Total proteins were extracted from cells with M-PER lysis buffer (50mM TRIS (HCl) pH 7.5, 200mM NaCl, 0.25% Triton X-100, and 10% Glycerol) supplemented with protease inhibitor (Sigma-Aldrich) and phosphatase inhibitor cocktail (Selleckchem). Proteins were separated on SDS-PAGE gels and transferred onto a 0.45-micron PVDF membrane as previously described [22]. Immunoblots were incubated with specific primary antibodies against VHL (#68547), HIF-1α (#14179) or HIF-2α (#59973) (Cell Signaling) or against β-actin (Santa Cruz Biotechnologies). Immunoblots were washed and incubated with HRP-conjugated secondary antibodies (Jackson ImmunoResearch). Proteins were imaged on a ChemiDoc MP Imaging system (Bio-Rad) with ECL Prime Detection Reagent (Cytiva).
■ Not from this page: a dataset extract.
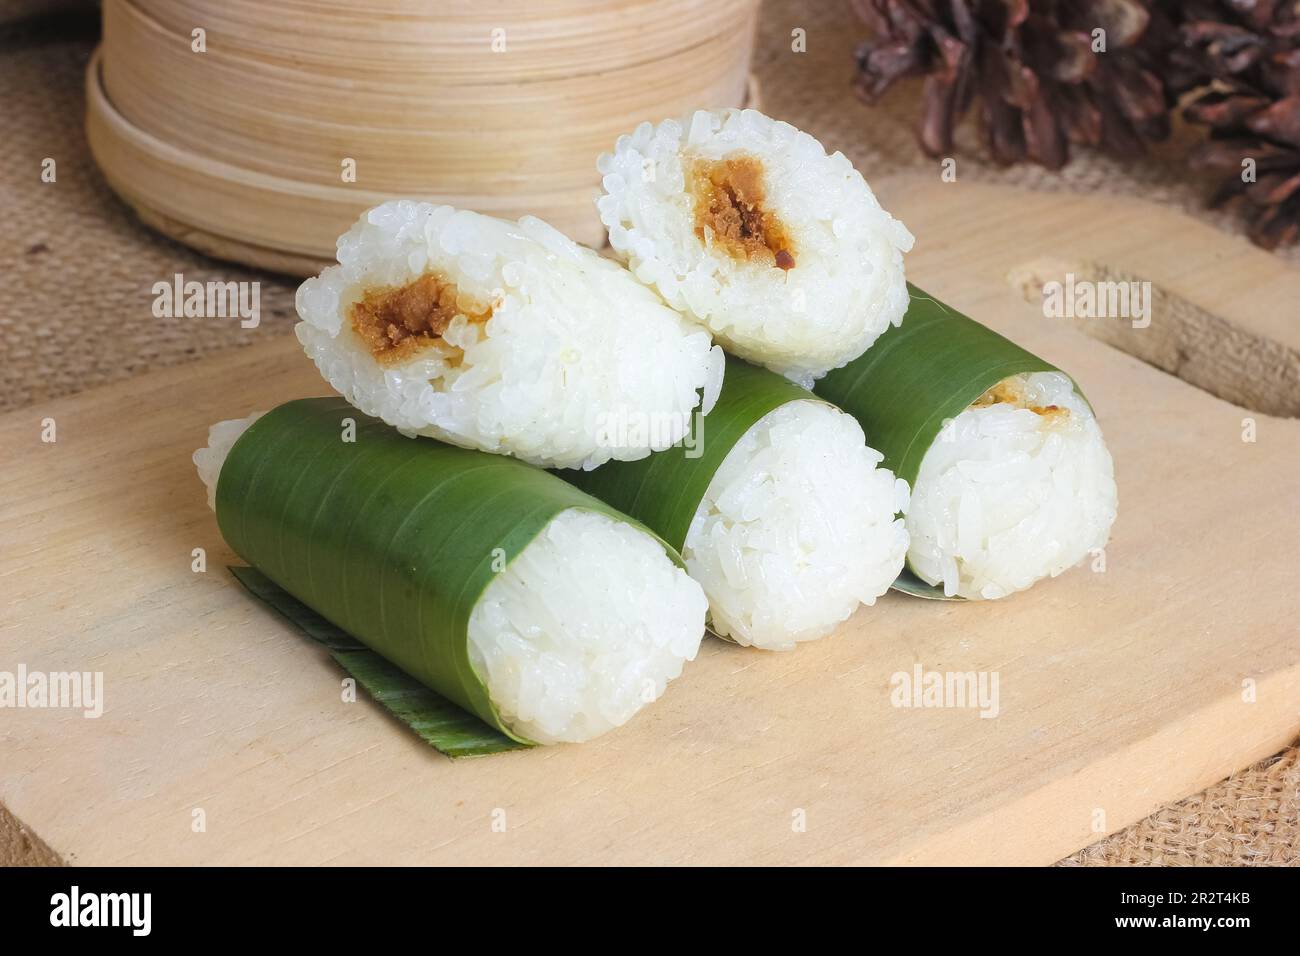 Indonesian traditional food lemper. rice cakes with banana leaves and chicken inside Stock Photo

Short-Hairpin, CRISPR/Cas9 and overexpression models

HIF-1α and HIF-2α stable knockdown constructs were generated using the Human pLKO.1 lentiviral shRNA target gene sets (Open Biosystem #TRCN3808 and #TRCN3804). For CRISPR constructs, guide RNAs (gRNAs) were designed using Benchling, CHOPCHOP, and CRISPR design tools (https://zlab.bio/guide-design-resources). Designed gRNA primer pairs were inserted into the lentiCRISPRv2 plasmid, a gift from Feng Zhang (Addgene plasmid, #52961). Overexpression of miR 2355-5p was accomplished using a miR 2355-5p precursor plasmid (Genecopoeia, #HmiR0909-MR03) and a control plasmid (Genecopoeia, #CmiR0001-MR03). Lentiviruses were produced by co-transfection of the target plasmid and third-generation lentiviral packaging mix in 293T cells. Serial dilutions were used for clonal isolation.

T7 endonuclease

Genomic DNA was extracted using Monarch Genomic DNA Purification Kit (NEB). Approximately 1 kb flanking the gRNAs target site (Forward Primer: 5’-TGATTGTGACTCTTCCTGAGCC-3’, Reverse Primer: 5’-CGCCTCAGCTTACCCTTTCTT-3’) was amplified using Q5 DNA Polymerase (NEB). Amplicons were subjected to T7 Endonuclease I (NEB) and separated on a 1% agarose gel. The gel was photographed using a ChemiDoc MP Imaging system (Bio-Rad).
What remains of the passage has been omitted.